There have been several crystal structures of human APC1 regulatory domain in calcium‐bound states (PDBs: 4N5X, 4ZCU, 4ZCV), solved by different approaches, which have confirmed a calmodulin‐like domain architecture 11, 12. In these structures, calcium ions are bound to each of the four EF‐hand motifs (Fig. 4B). In contrast to calmodulin, there is no flexible linker between the exiting α‐helix of EF‐hand 2 and the entering α‐helix of EF‐hand 3. Instead, the helices are fused together, creating one long α‐helix 4/5, meaning that the lobes are rigidly locked in their relative orientations, so unable to wrap around the amphipathic α‐helix of a target protein as calmodulin has been proposed to do (Fig. 4B) 11, 12.

Each EF‐hand of calcium‐bound APC regulatory domain displays an ‘open’ antiparallel arrangement of α‐helices (L‐shape arrangement), equivalent to that of calcium‐bound calmodulin structures (Fig. 4B) 34, 35, 36, 37, 38. Therefore, the hydrophobic core of each lobe is exposed, which in calmodulin allows its target peptides to bind into the hydrophobic binding pockets formed in each lobe 41 (Fig. 3A). In the regulatory domain of human APC, the equivalent hydrophobic pocket of lobe one is ‘capped’ by conserved residues Leu152 and Phe153 at the C‐terminal end of the domain on the final helix of EF‐hand 4, which form hydrophobic interactions with conserved residues of the hydrophobic pocket of EF‐hand pair 1 and 2 (pocket‐1, Fig. 4C). The APC regulatory domain structures also include the linker‐loop domain with the amphipathic α‐helix. The amphipathic α‐helix is bound to the hydrophobic pocket of lobe two, with residues Ile159, Ile162, Ile163, Phe165 and Trp166 forming hydrophobic interactions with conserved residues in the pocket of EF‐hand pair 3 and 4 (pocket‐2, Fig. 4C) 11, 12.

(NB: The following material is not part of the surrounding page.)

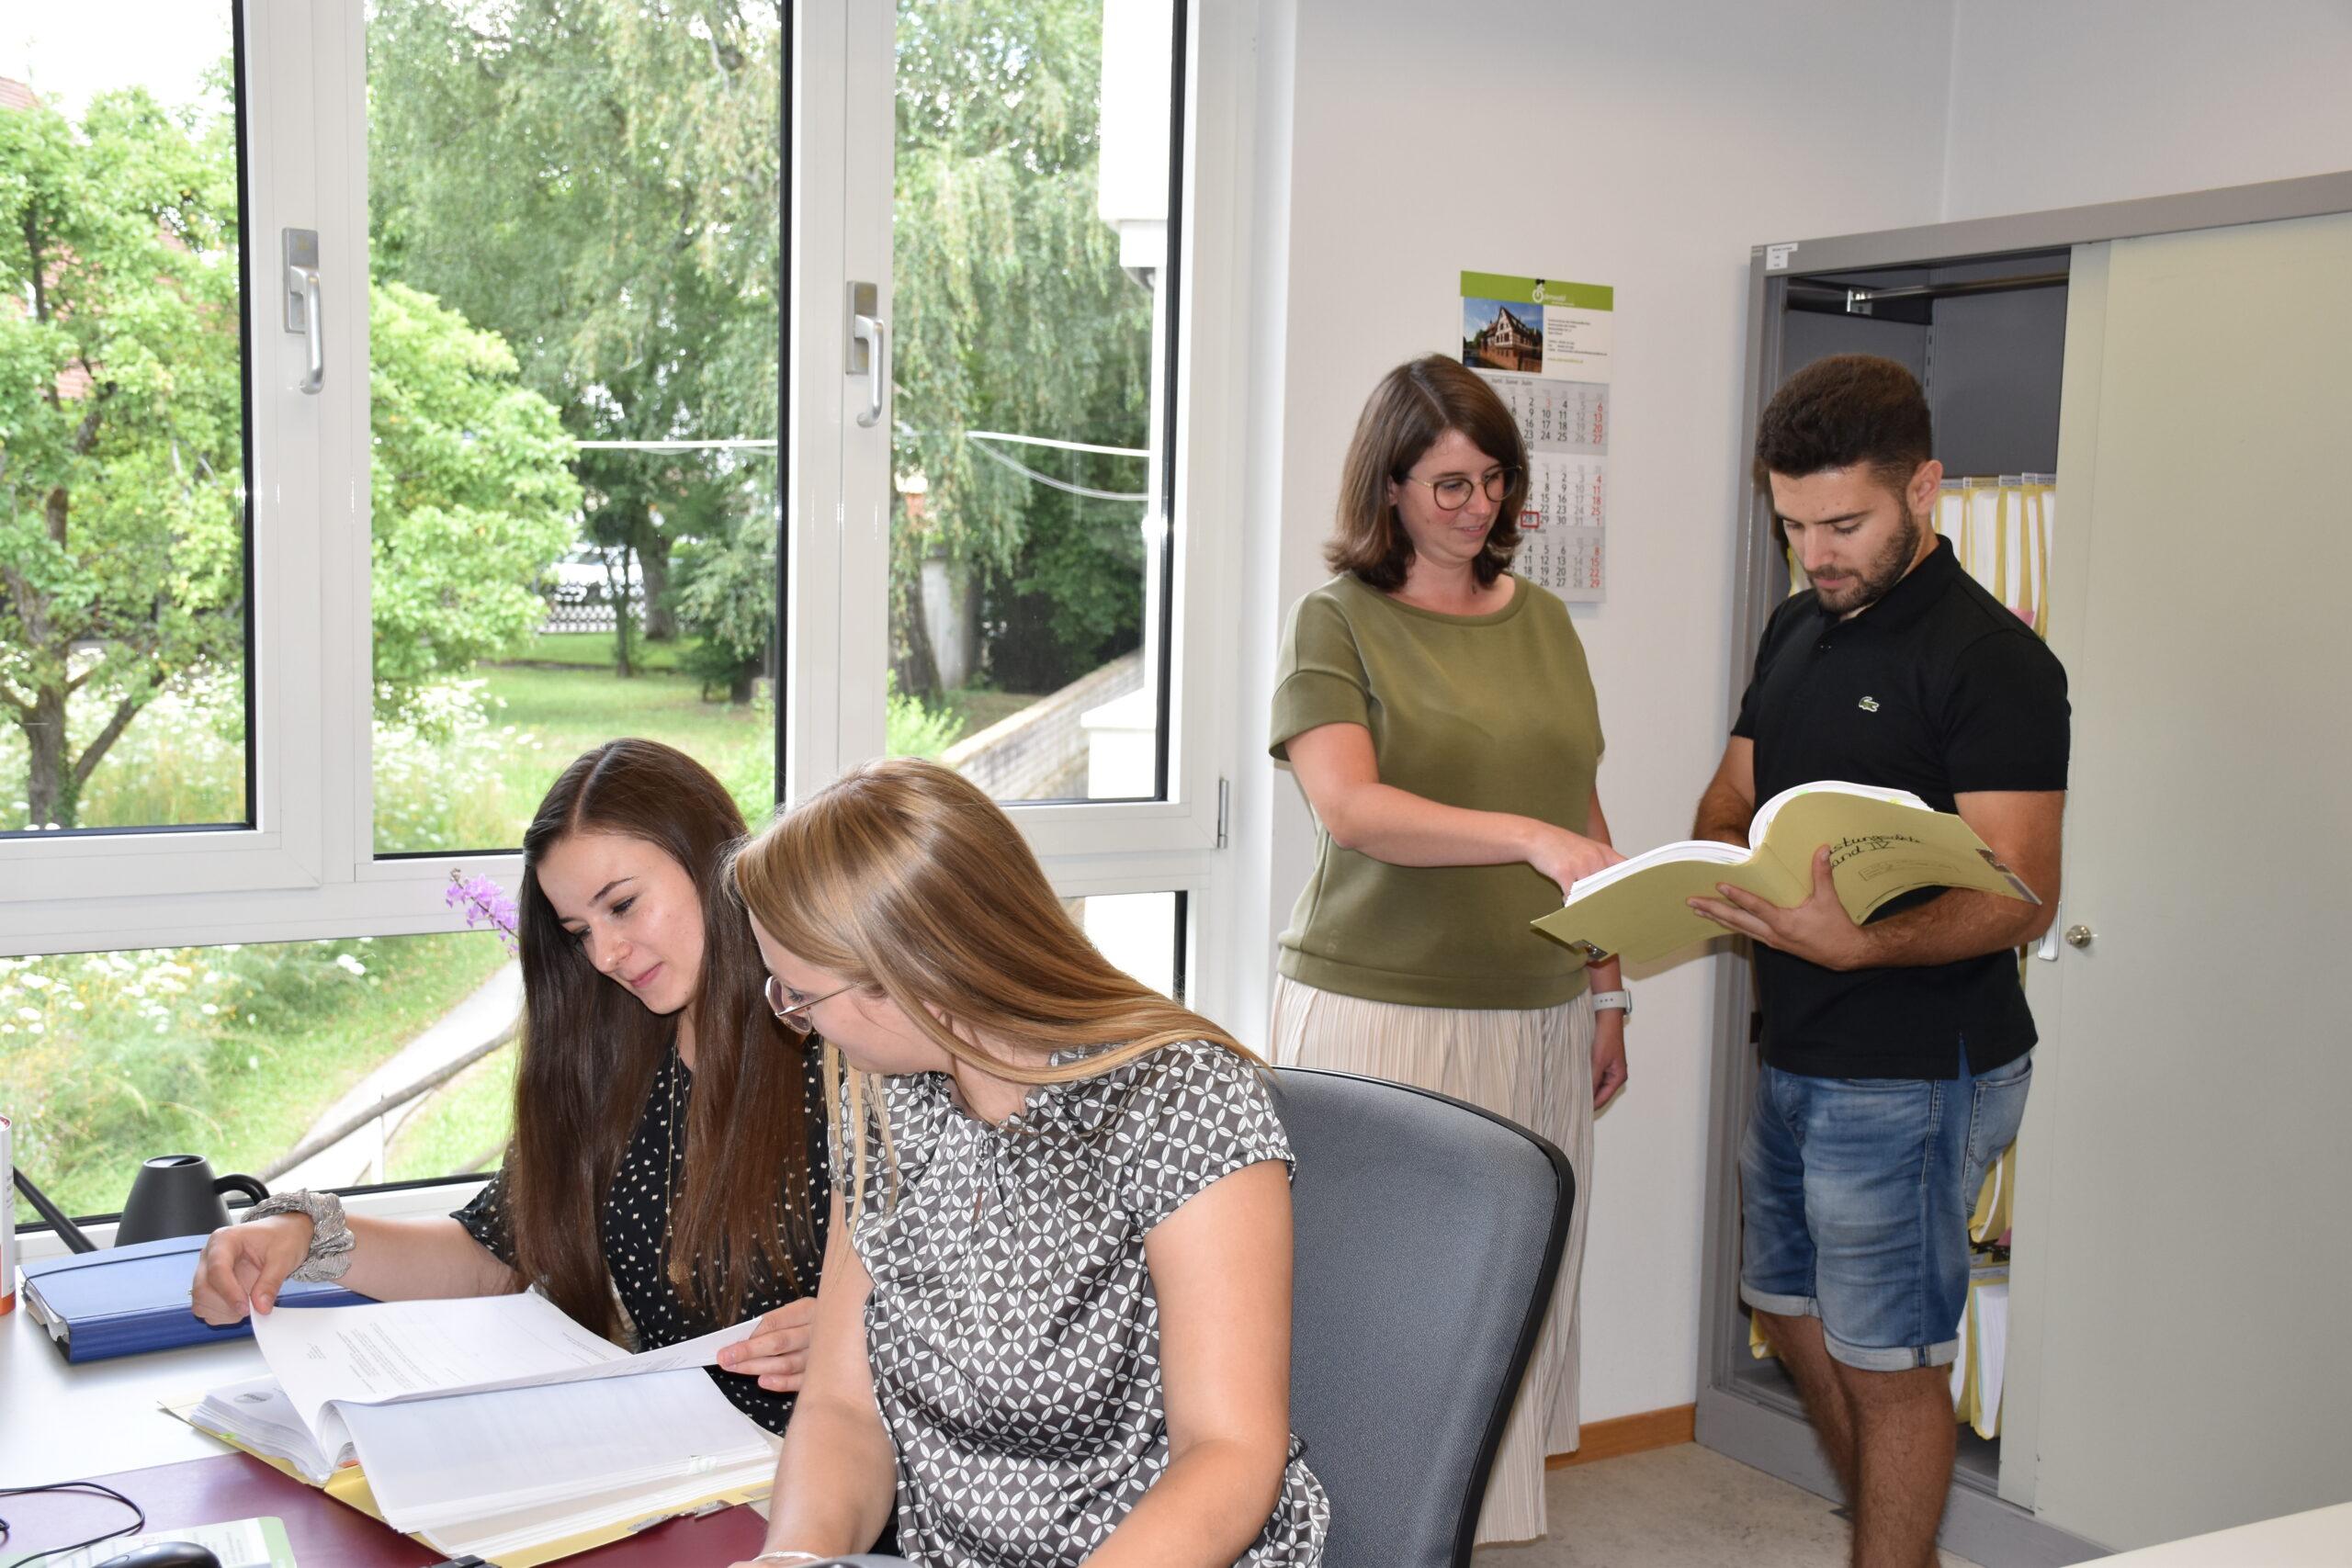 Berufung für Berufe, Menschen direkt zu helfen   Rhein Main Verlag

There are no crystal structures of the calcium‐free state of the APC regulatory domain, but, based on bioinformatics analysis and modelling based on other EF‐hand structures, a comparative structure has been obtained (Fig. 4B) 12. In this state, the EF‐hands adopt a closed conformation (U‐shape arrangement) 39, 42, 43 and consequently α‐helices 6 and 7 change their relative orientations, leading to the release of the amphipathic α‐helix from the second hydrophobic pocket (Fig. 4B), similar to the release of signal peptides from the calcium‐free state of calmodulin.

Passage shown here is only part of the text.